# [What to work on]
With the pictures left out, reproduce exactly the lines running from the line with "DBEYES កែវភ្នែកពណ៌ធម្មជាតិបំផុត Magic" to the last line of the material below.

# [Supplied material]
☆ ☆ ☆ ☆

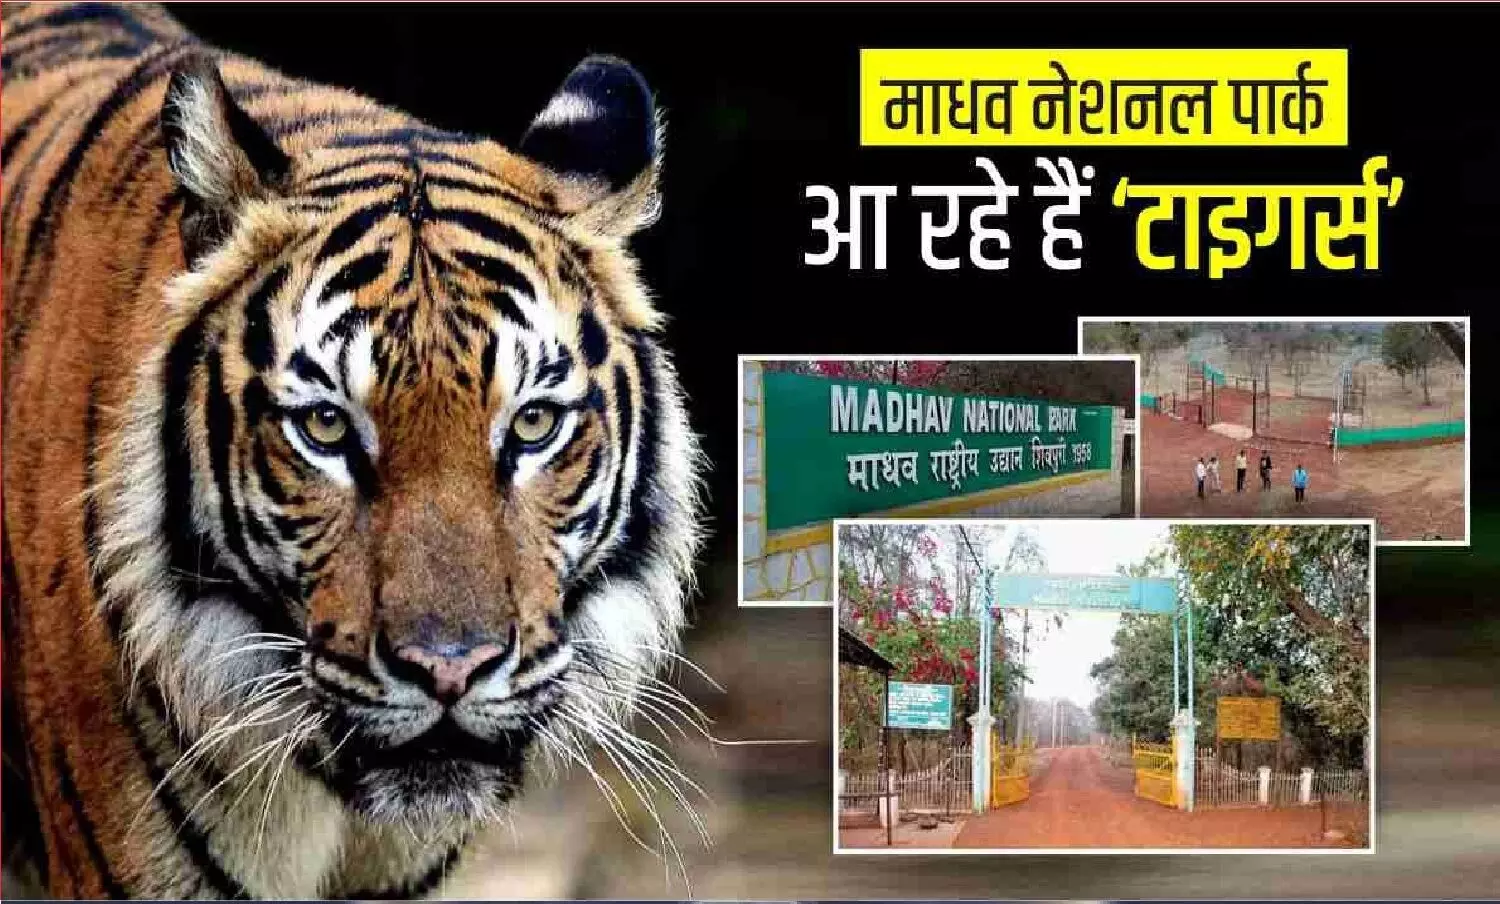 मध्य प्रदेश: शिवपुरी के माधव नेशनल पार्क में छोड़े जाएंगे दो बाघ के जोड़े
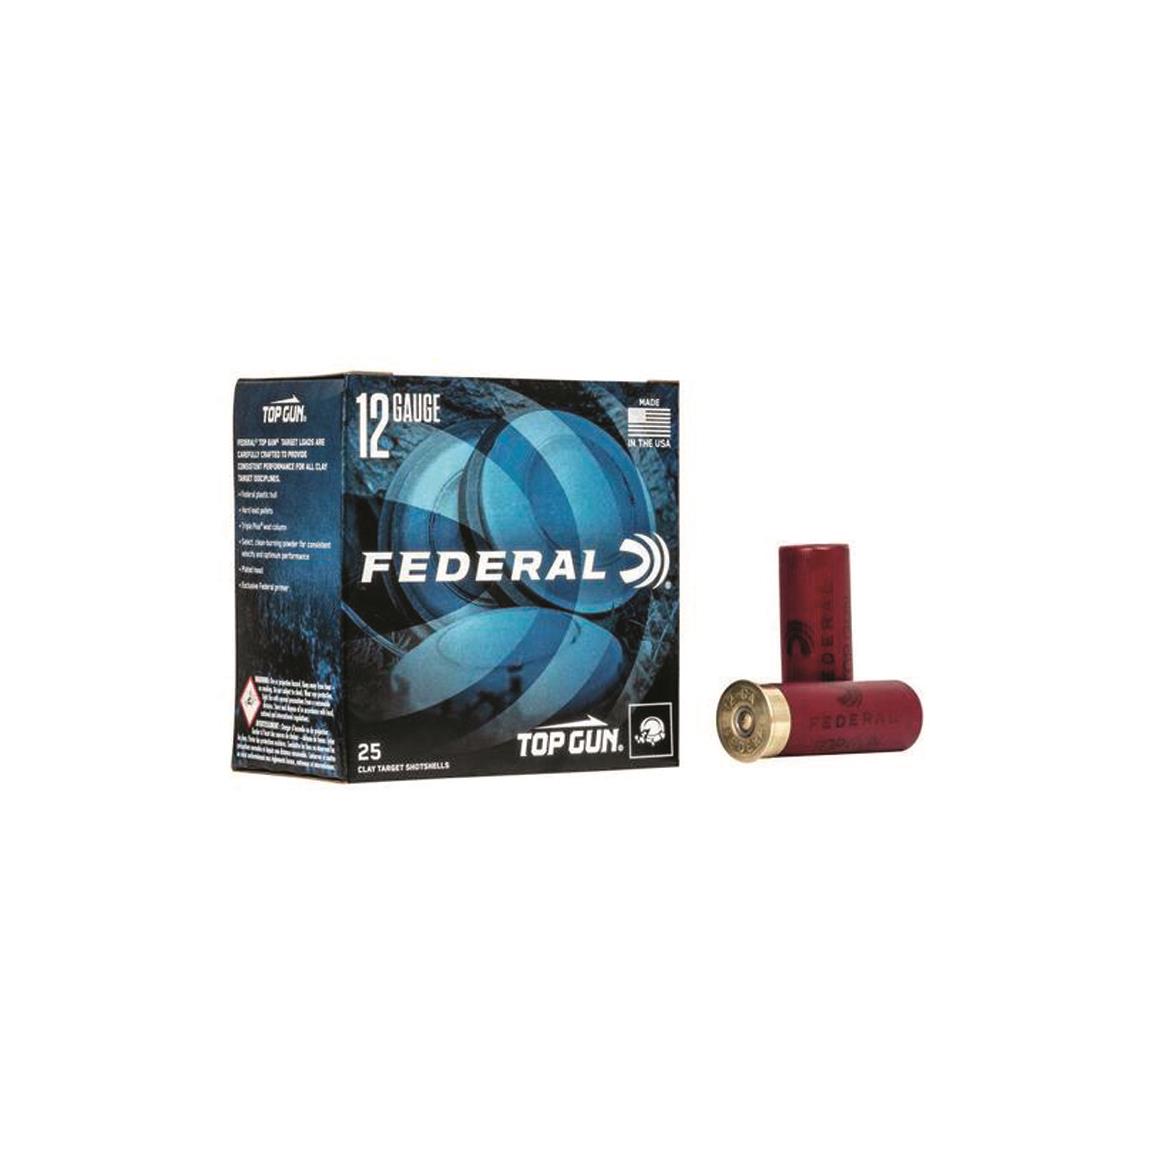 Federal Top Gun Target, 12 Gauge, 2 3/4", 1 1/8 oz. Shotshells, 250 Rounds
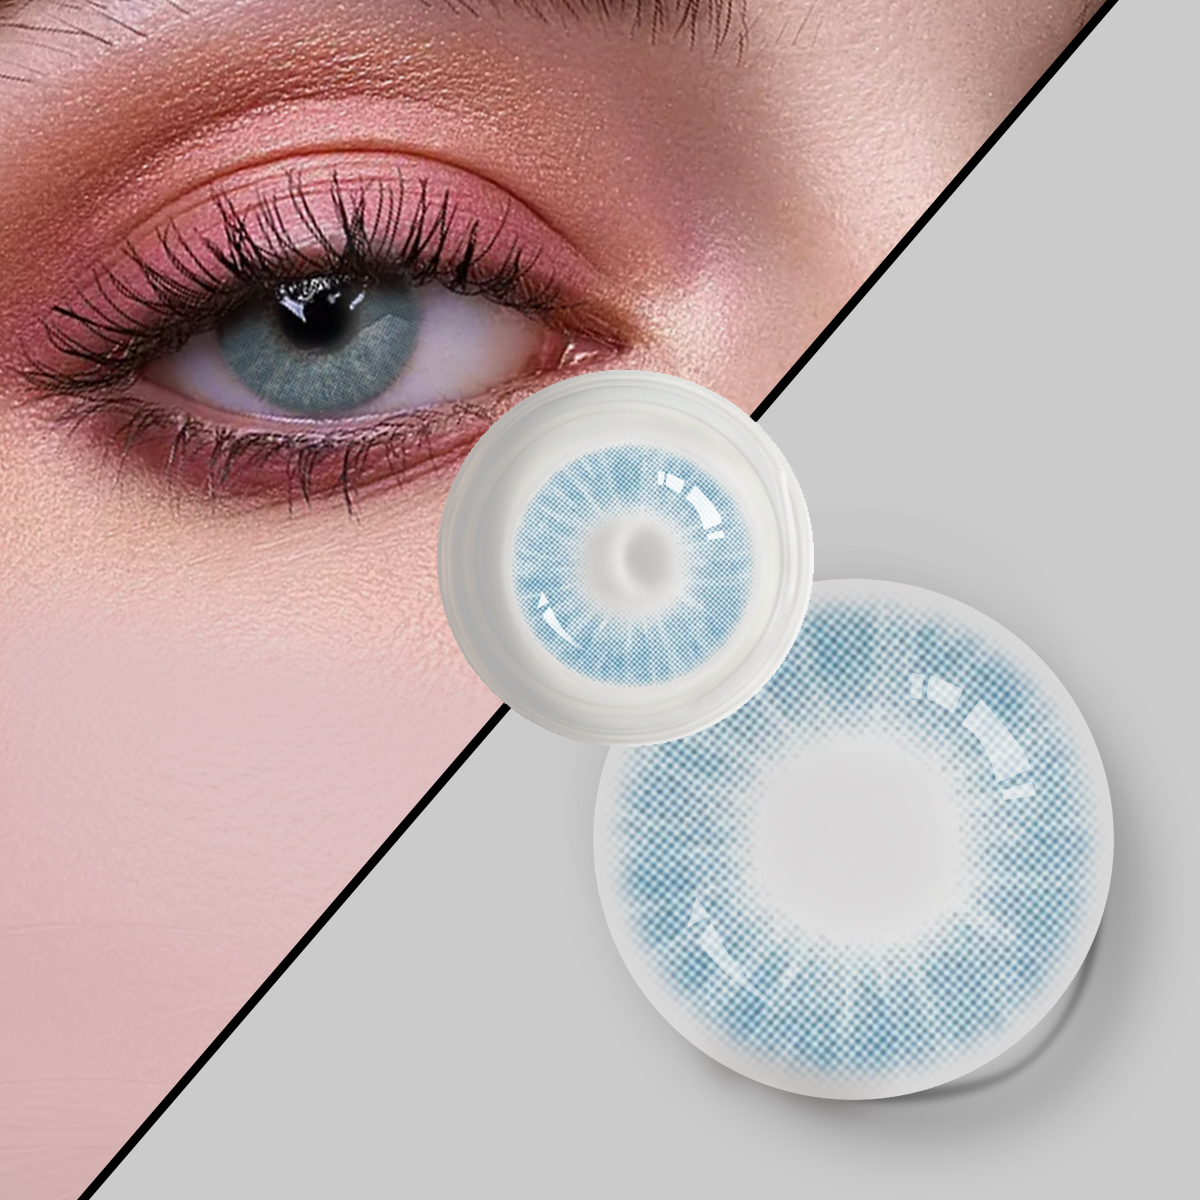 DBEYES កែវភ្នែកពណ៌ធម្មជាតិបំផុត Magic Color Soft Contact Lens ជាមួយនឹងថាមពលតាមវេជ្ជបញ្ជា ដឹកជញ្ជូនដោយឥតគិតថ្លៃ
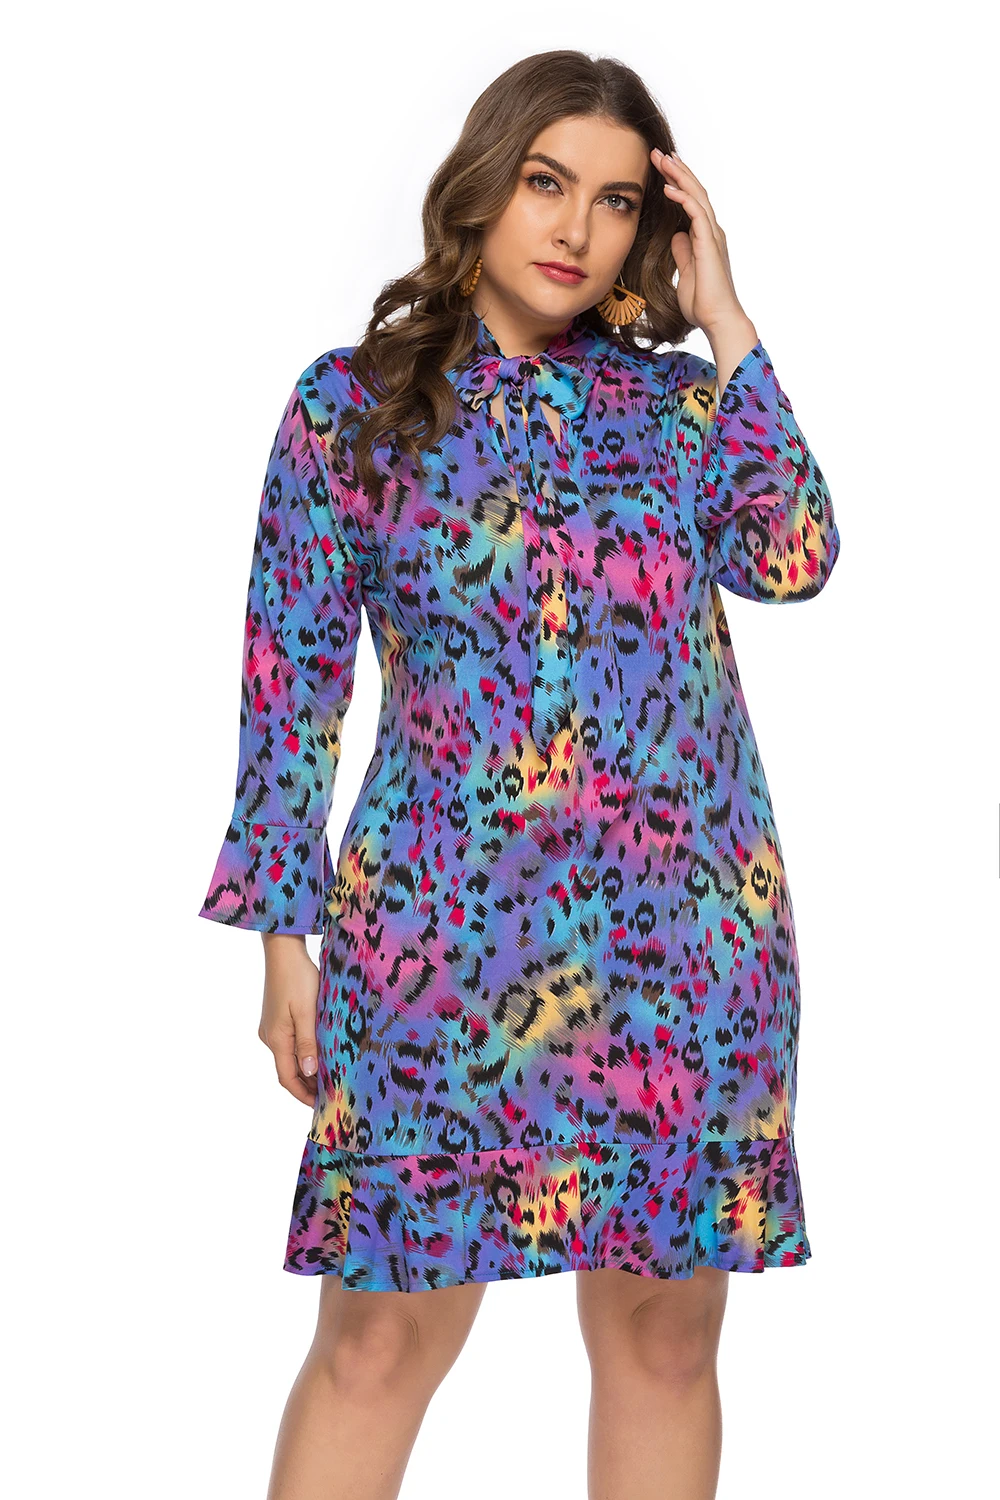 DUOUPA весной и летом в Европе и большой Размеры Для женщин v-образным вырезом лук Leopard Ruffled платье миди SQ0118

☆ ☆ ☆ ☆

# [Solution to the problem]
 DBEYES កែវភ្នែកពណ៌ធម្មជាតិបំផុត Magic Color Soft Contact Lens ជាមួយនឹងថាមពលតាមវេជ្ជបញ្ជា ដឹកជញ្ជូនដោយឥតគិតថ្លៃ
 DUOUPA весной и летом в Европе и большой Размеры Для женщин v-образным вырезом лук Leopard Ruffled платье миди SQ0118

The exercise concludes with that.